Model Formulae • response ~ explanatory variables • The right hand side describes the variables, their interactions, and their non-linearity—it isn’t arithmetic! • To include something in the model: + something • To remove something from the model: - something • Interactions are written * (or A:B) • y ~ A + B + A:B is the same as y~A*B) • Nesting: / (A/B is A+A:B or A+B%in%A) • y ~ A/B • Conditioning is written | • y ~ x | z
Expanded Forms • A*B*C is all the interactions up to A:B:C • A/B/C is A+B%in%A+C%in%B%in%A • (A+B+C)^3 is A*B*C • (A+B+C)^2 is A*B*C - A:B:C • poly(x,n) is a polynomial regression of degree n • I(formula) means the formula ‘as written’ in R. • 1 labels the intercept • Error(A/B/C) can be specified
Use of update • “model <- lm(y~A*B)” • “model2 <- update(model, ~.-A:B)” to get rid of the interaction. • model2 is now lm(y~A+B)
Transforms (Advanced) • Sometimes you need to directly transform the left hand side to get constant variance. This looks like: • lm(log(y)~ I(1/x) + sqrt(z)) • If the left hand side has constant variance already, you can use a ‘link’, defined by family=something in the model formula, and a general linear model (glm) • Families available: • Normal (bell-shaped curve, default) • poisson (count data) • binomial (proportions or binary data) • Gamma (special)
Factor/Parameter Transforms • Used to make the shape of variables closer to ‘normal’, and with constant variance. • More advanced topic, will be mentioned in the summary lecture. If it turns out you need to do this, I’ll provide consulting support (X3227).

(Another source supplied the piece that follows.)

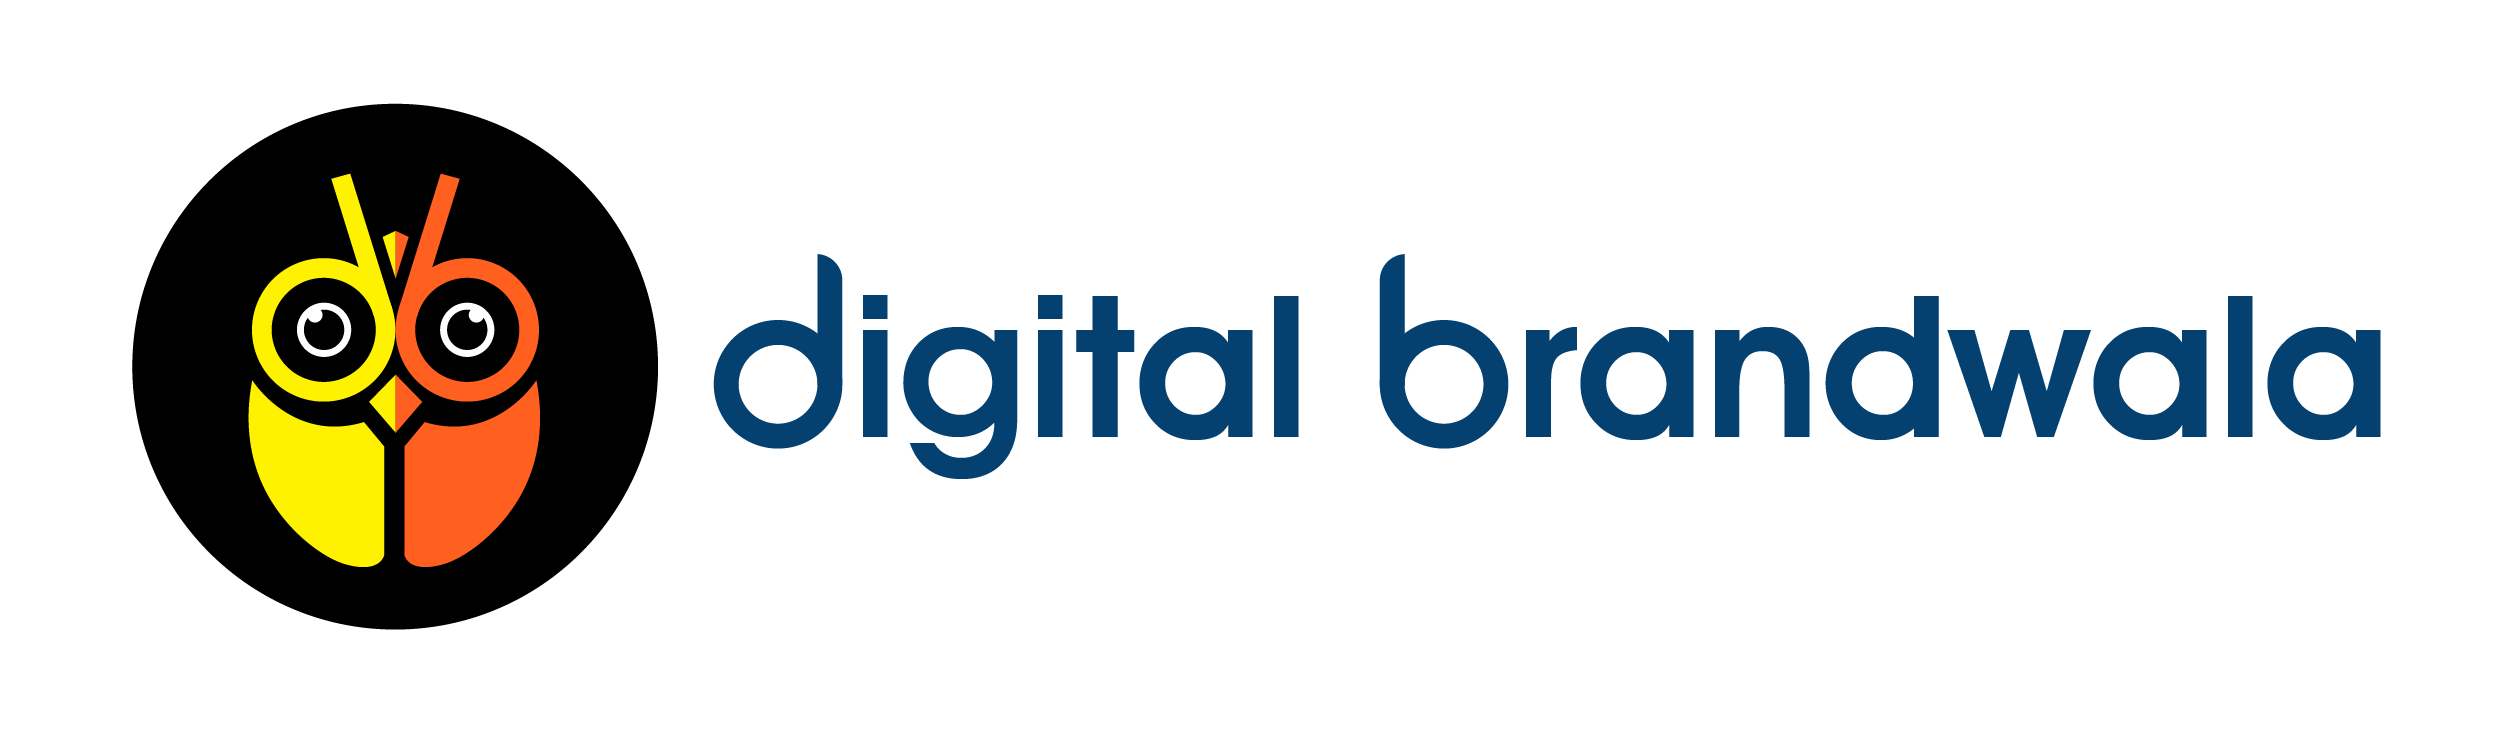 Digital Brandwala

Types of Models • lm(y~x)—linear model (x is a continuous variable) • aov(y~x)—analysis of variance (x is a factor) • aov(y~x+z)—analysis of covariance if x and z include a factor and a continuous explanatory variable. • glm(y~x)—general linear model (like lm but advanced) • Non-constant variance • Non-normal errors • Options include family=poisson, binomial, Gamma, Normal • gam(y~x)—generalised additive model (complex, advanced) • also lme(y~x), nls(y~x), nlme(y~x), loess(y~x), tree(y~x)
Modelling Demonstration • A demonstration will be given in the analysis of covariance slides.
Model Checking (demoed later) • Plot the residuals against • fitted values • explanatory values • sequence of data collection • standard normal deviates • Demo of mcheck
mcheck mcheck <- function (obj, ... ) { rs<-obj$resid fv<-obj$fitted par(mfrow=c(1,2)) plot(fv,rs,xlab="Fitted values",ylab="Residuals") abline(h=0, lty=2) qqnorm(rs,xlab="Normal scores",ylab="Ordered residuals") qqline(rs,lty=2) par(mfrow=c(1,1)) invisible(NULL) }
Observations • Order of factor deletion will matter • Delete the high order interactions (A:B), and high-order terms (I(x^2)) first. • Then delete the remaining terms in decreasing order of importance. • The test you use is anova(), because you’re comparing two models. • Be pragmatic.